Legal

Privacy policy

Last updated: April 26, 2026

tradingview-mcp Hosted (“we”, “tradingview-mcp”, the service running at mcp.cryptosieve.com and pro.cryptosieve.com) is operated as a sole proprietorship by Ahmet Atila in Istanbul, Türkiye. We try to collect as little as we can get away with while still running the service.

The short version. We hold your email address, a hashed version of your API key, and a 30-day log of how often you called the service. We share data with Dodo Payments (billing) and Resend (transactional email). We don’t sell anything to anyone. Email [email protected] to delete your data and we’ll do it within 30 days.

1. What we collect

Account data

Email address — provided when you check out via Dodo Payments.
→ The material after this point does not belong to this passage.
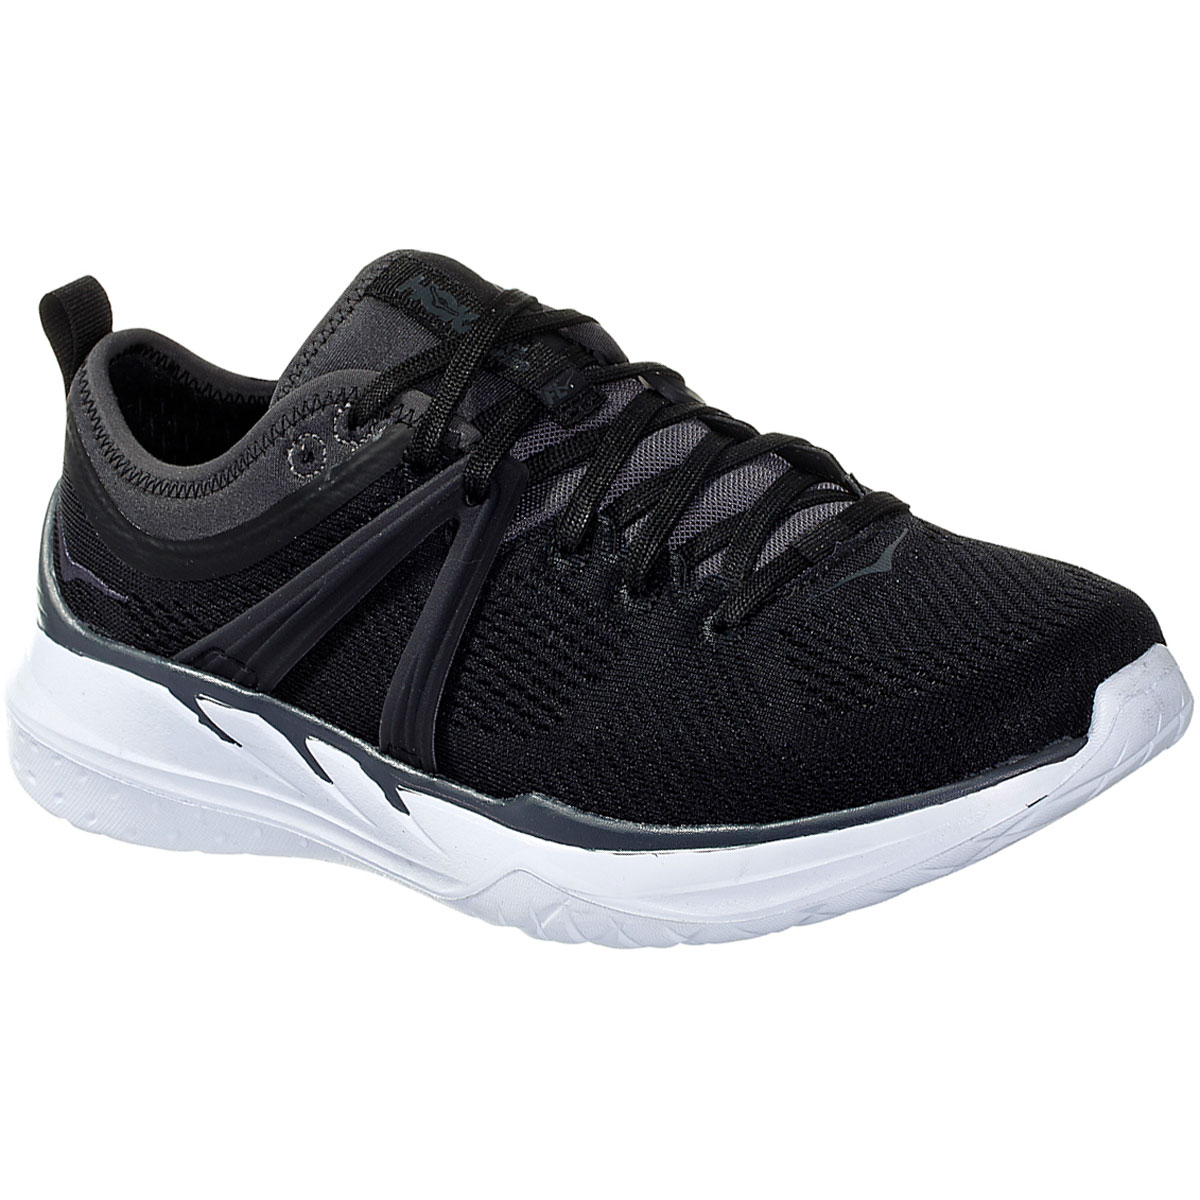 Women's Hoka One One Tivra Running Shoe - Color: Black/Dark Shadow - Size: 5 - Width: Regular, Black/Dark Shadow, large, image 2

Used to send you the welcome email containing your API key and to contact you about your subscription.
Google account profile (name, email, avatar) — only if you sign in to the dashboard at pro.cryptosieve.com. Stored in our Postgres database via Better Auth. Used to show your account page; not used for marketing.

Service data

API key (hash only) — we store a SHA-256 hash and the first 12 characters as a prefix. We never store the raw key. If you lose it, we can’t recover it — you can issue a new one from /account/keys.
Usage logs — for each tool call: timestamp, HTTP method, response status, the path that was called, and your key id. We do not log the content of your prompts or the JSON responses returned by the upstream MCP server. Used for rate limiting, quota enforcement, and abuse investigation. Auto-purged after 30 days.
Webhook events from Dodo Payments — the raw event body is stored to make webhook delivery idempotent (we don’t double-charge or double-provision keys when Dodo retries). Retained for 90 days.

What we do NOT collect

The content of your Claude conversations.
The actual market data your tool calls return.
Cookies, except a session cookie set by Better Auth when you sign in.
Analytics, tracking pixels, advertising IDs, or fingerprinting on the landing page. There is no Google Analytics, Meta Pixel, or similar.

2. Who we share it with

We use a small number of third-party processors. We don’t share your data with anyone else.

Dodo Payments (billing, payment processing) — receives your email and payment details when you subscribe. Dodo’s privacy policy.
Resend (transactional email) — receives your email address when we send you the welcome email or a password / key rotation notice. Resend’s privacy policy.
Anthropic / Claude — your tool calls flow Claude → tradingview-mcp gateway → upstream MCP server. We do not send your prompts or your conversation history to Anthropic. They see whatever you choose to send them when you talk to Claude; we have no role in that.
Hetzner (infrastructure host, EU/Germany) — hosts the virtual machine the service runs on. Hetzner privacy policy.
Google — only if you sign in to the dashboard with Google OAuth. Standard OAuth profile claims.

3. How long we keep it

Active subscription: account email + key hash retained while your subscription is active.
Cancelled subscription: retained 90 days for billing reconciliation, then deleted.
Usage logs: rolling 30 days; older rows are dropped.
Webhook events: 90 days for idempotency + dispute defence.
Backups: nightly encrypted backups of the gateway database, retained 14 days.

4. Your rights (GDPR / CCPA)

You have the right to access, correct, export, or delete your personal data. To exercise any of these, email [email protected] from the email associated with your subscription. We respond within 30 days; for deletion this means revoking your API key, scrubbing your email from our tables, and removing logs that reference your key id.

Billing records that we’re legally required to retain (Türkiye tax regulations, EU VAT) cannot be deleted on request. After the legal retention period (typically 5 years), they are deleted automatically.

5. Security

API keys are stored as SHA-256 hashes; raw keys are shown once and never persisted server-side.
Traffic to mcp.cryptosieve.com and pro.cryptosieve.com is TLS-only (Caddy auto-renews via Let’s Encrypt).
Webhooks from Dodo Payments are HMAC-SHA256 verified before any side effect.
Admin actions on the gateway require a bearer token; raw keys can’t be retrieved from the database, only revoked.

No system is ever fully secure. If you believe you’ve found a vulnerability, email [email protected] with subject line “security”. We’ll respond within 72 hours.

6. Children

The service is not directed at anyone under 18. We don’t knowingly collect data from children. If you believe a minor has subscribed, contact us and we’ll delete the account.

7. Changes

We’ll update this page when something material changes (new processor, new data category, longer retention). The “last updated” date at the top reflects the most recent change. For material changes that affect existing customers we’ll also send an email.

8. Contact

Ahmet Atila · [email protected] · Istanbul, Türkiye.